Robert brings Joe and Emma to meet up with Korban members that wish to help as Joe's messengers. He later meets with a bigger group of Korban members to spread some of his ideas and drill in his message of "no redemption without blood."

Agent Clarke brings Ryan to talk to Dr. Strauss, who's in custody. Strauss says he has no involvement with Lance but says Ryan is essentially a follower of Joe due to his obsession. Ryan calls Carrie Cooke and says he'd like to go on the record about the case. During her next TV broadcast, she announces that Strauss has been captured by the FBI and is fully cooperating.

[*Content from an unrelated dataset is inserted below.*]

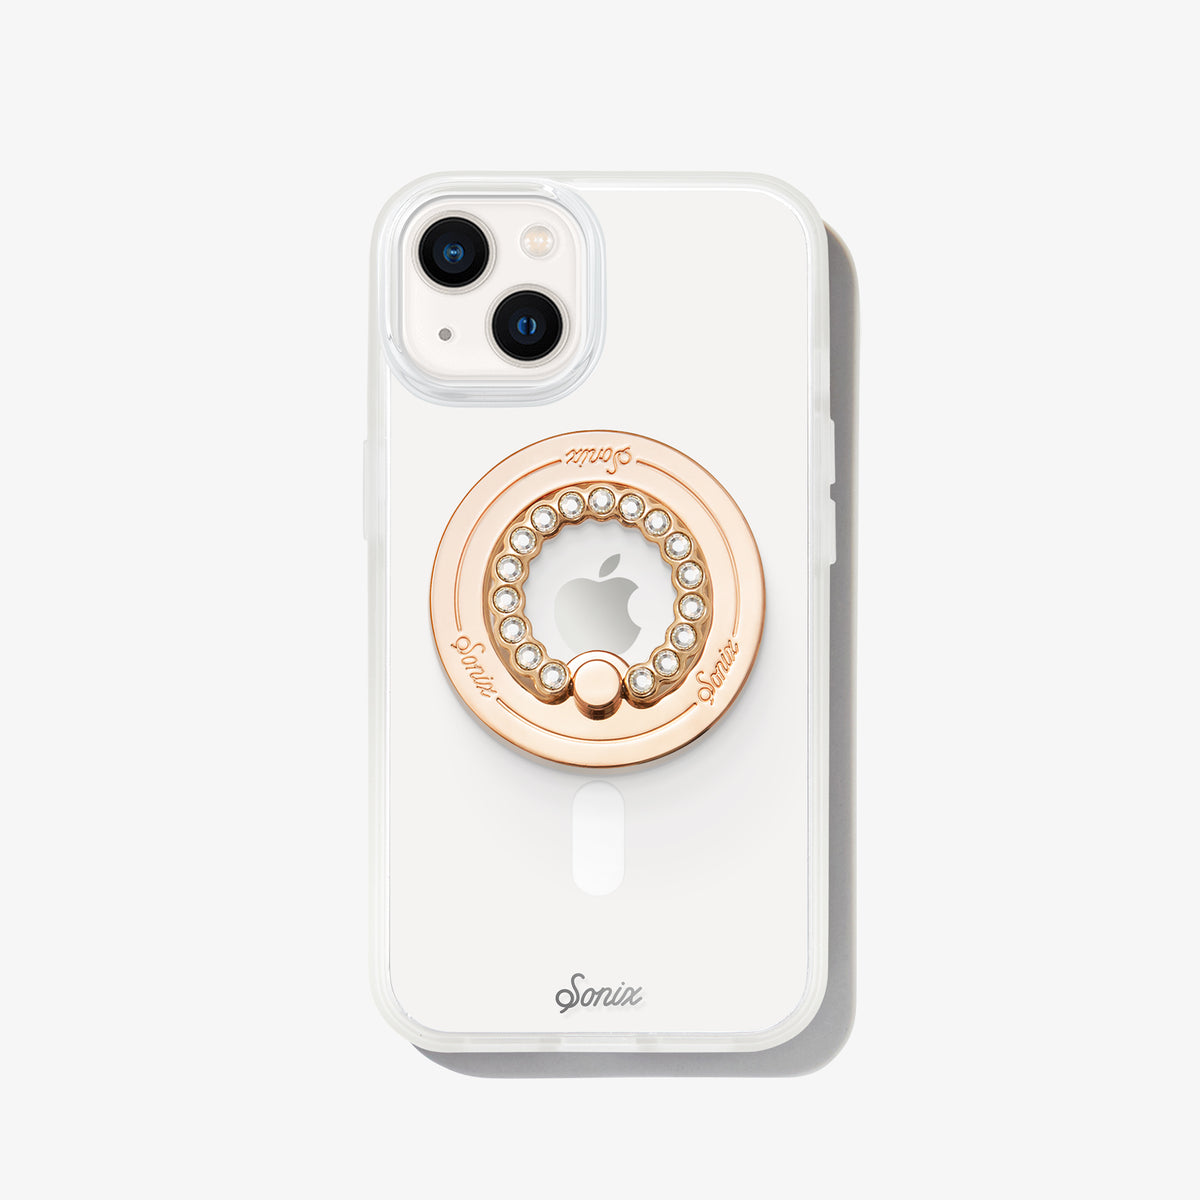 Removable Phone – Sonix
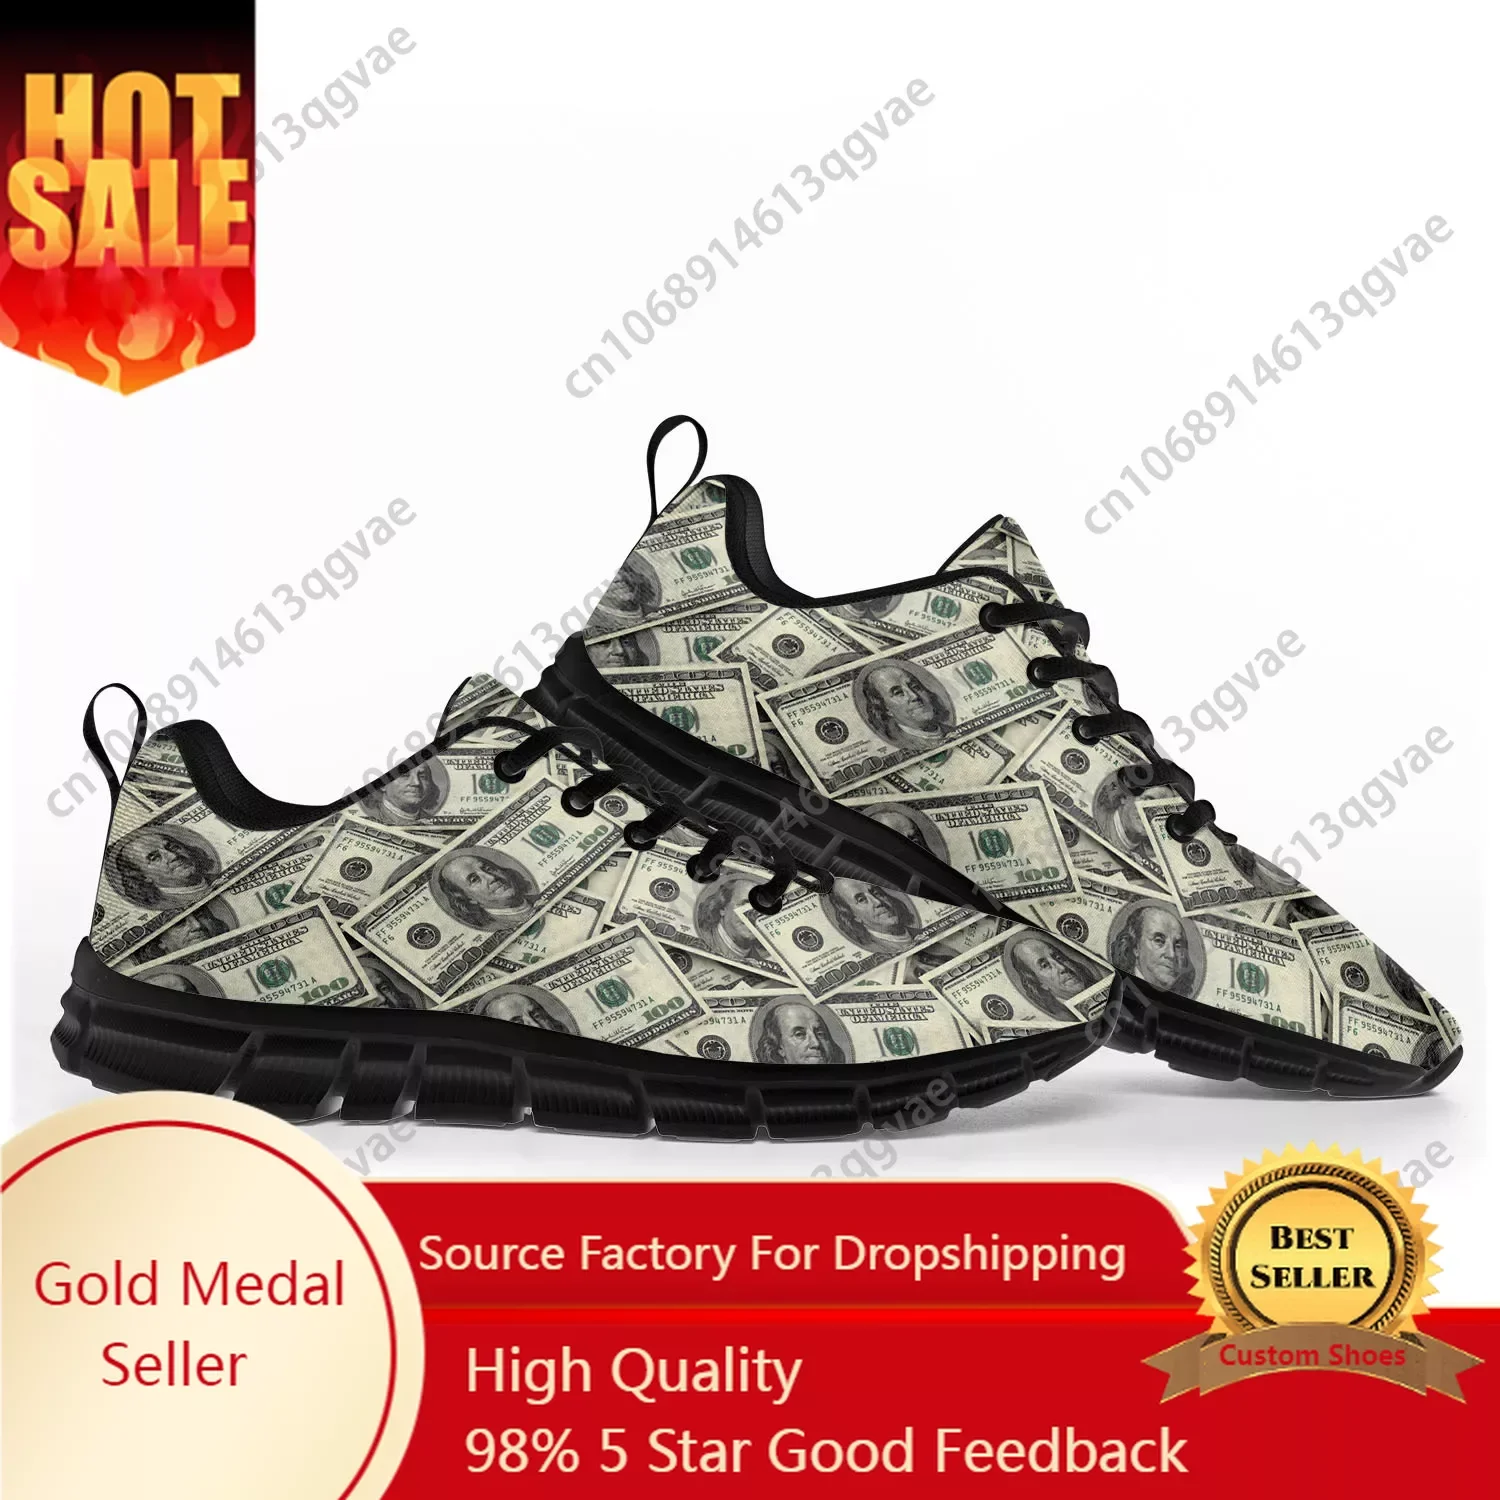 Dollar Printed Popular Sports Shoes Mens Womens Teenager Kids Children Sneakers Casual Custom High Quality Couple Shoes Black popular couple long sleeve hoodies serial experiments lain printed hot sale classic casual cotton high quality hip pop new wears

This brings Joe to call Jana. When he calls, Ryan answers and the FBI attempts to track Joe's phone to find a location, but they're unable to.

A flashback shows Joe when he was a student of Strauss'. Strauss says he understands that Joe was sent to America by his uncle after his parents both died in England. Strauss later brings Joe to a lab where a dead woman's body lies on a table as he continues mentoring Joe.

The group of Korban members sent as messengers (Robert, Mallory, Lucas, Patrick, and Tilda) gather on a street sidewalk. Tilda selects a random man across the street to be the victim as Lucas proceeds to stab him while whispering "no redemption without blood" and places a piece of paper with that phase on his clothes. The group next goes to a house where they select a family after seeing the father outside with a dog. They kill the father, his wife and their son and write the phrase on the wall in blood. Police and FBI later show up and determine the murders were done at random.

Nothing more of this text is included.